Молодой фосфор не подкачал, друзья моей юности много поработали за эти тридцать лет. Конечно, мы не встречались так часто, как прежде, — работа, семья, дети, да что дети — внуки!

И все же мы виделись не только по праздникам, не только в дни рождений. Иногда Думарский внезапно звонил мне, как в молодые времена: «Послушай, есть два билета на концерт Бостонской филармонии, пошли?» А после концерта мы по старинке переглядывались: «В ресторанчик?» А после мы гуляли по ночному Тверскому бульвару и разговаривали. Говорили о семейных делах, о политике, часто говорили о наших друзьях.

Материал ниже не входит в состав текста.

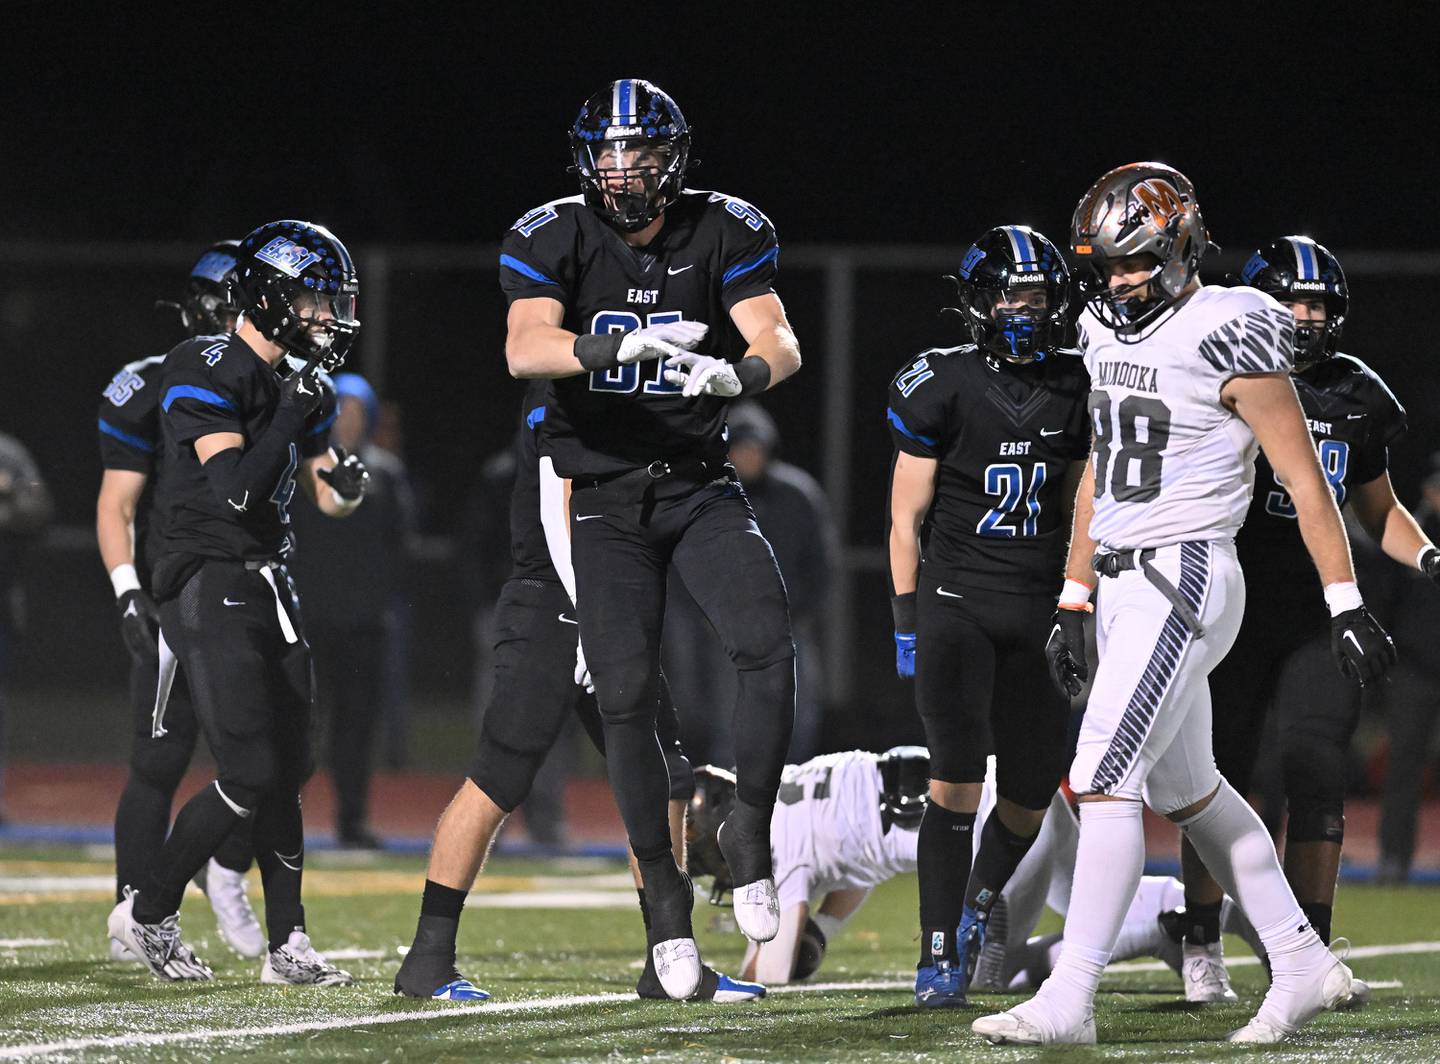 Lincoln-Way East's defensive end Caden O'Rourke celebrates after making a tackle for a loss during the class 8A second round playoff game against Minooka on Friday, Nov. 03, 2023, at Franfort. (Dean Reid for Shaw Local News Network)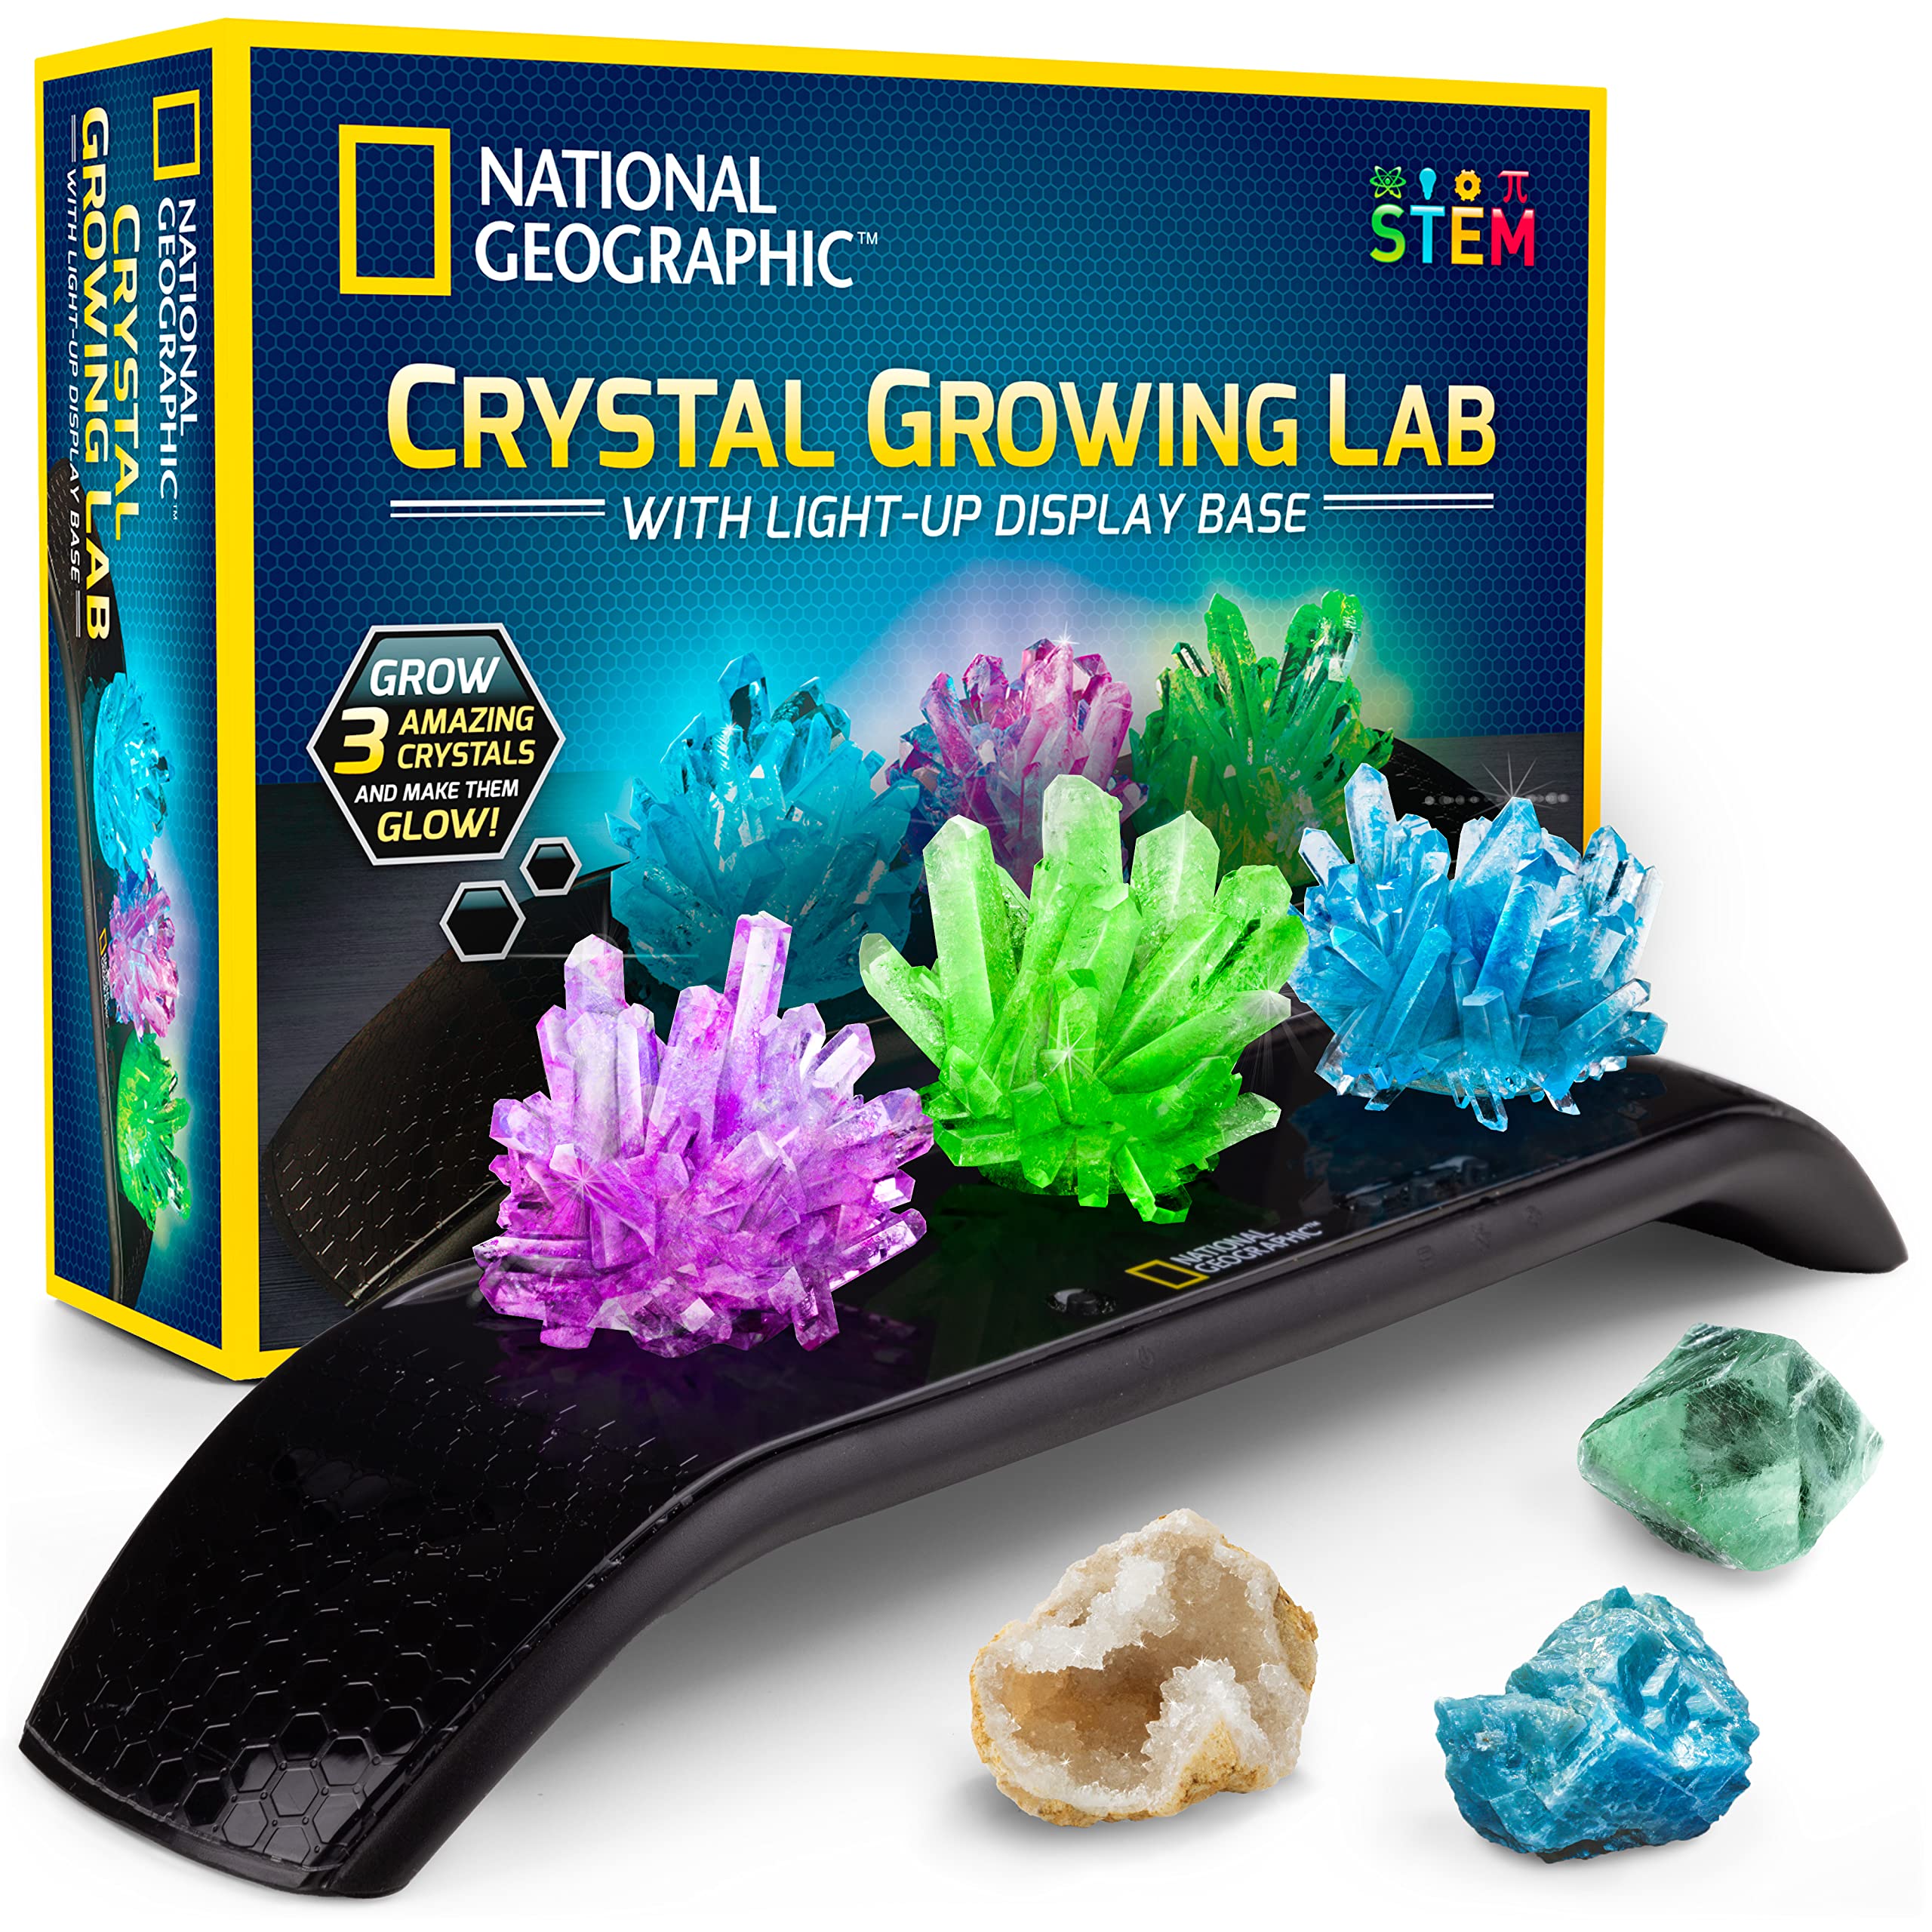 NATIONAL GEOGRAPHIC Crystal Growing Kit - 3 Vibrant Colored Crystals to Grow with Light-Up Display Stand, Science Toy for Girls and Boys Ages 8-12, Includes 3 Gems, Cool STEM Gift (Amazon Exclusive)

Как— то, еще до войны, я вспомнил про письмо, написанное мной Думарскому из Донбасса:

— Получил ли ты его?

Он кивнул — да.

— Как же ты не ответил!

— Видишь, пороху, что ли, не хватило, прости уж.

Я простил. Конечно, случалось, что это происшествие

припоминалось мне, но я простил.

Не вышла жизнь у одного лишь Кругляка, он не стал ни знаменитым конструктором, ни известным всему миру пианистом, ни академиком, не строил ледоколов.

Он стал цеховым химиком, да и работа цехового химика у него не ладилась. Всем нам казалось, что он человек покладистый, мягкий, а он постоянно вылетал со службы, не уживался с начальством. Незадолго до войны его снова уволили с завода, и он никак не мог устроиться, но в конце концов получил какое-то совсем уж захудалое место.

Когда его спрашивали: «Где ты все же работаешь?» — Кругляк, усмехаясь, отвечал: «Э, артель „Напрасный труд“, — и махал рукой.

Началась война, и все мы приняли в ней участие. Думарский руководил в институте механики разработкой сложных математических вопросов, играющих большую роль при расчетах прочности скоростных самолетов. Иван «шашнадцать лет не спамши с бабой» в звании полковника выполнял особые задания Комитета обороны, связанные с танкостроением; к началу войны он, несмотря на свое прозвище, был отцом четверых детей; я стал штабным работником, носил погоны подполковника; даже наш Теодор в майорской форме давал концерты в армейских госпиталях. Единственный из нас провоевал рядовым, в расчете зенитного артиллерийского орудия, Кругляк — лишь к самому концу войны он получил сержантские лычки и был демобилизован после ранения. Закончил он службу без большой славы — не получил даже медали «За боевые заслуги».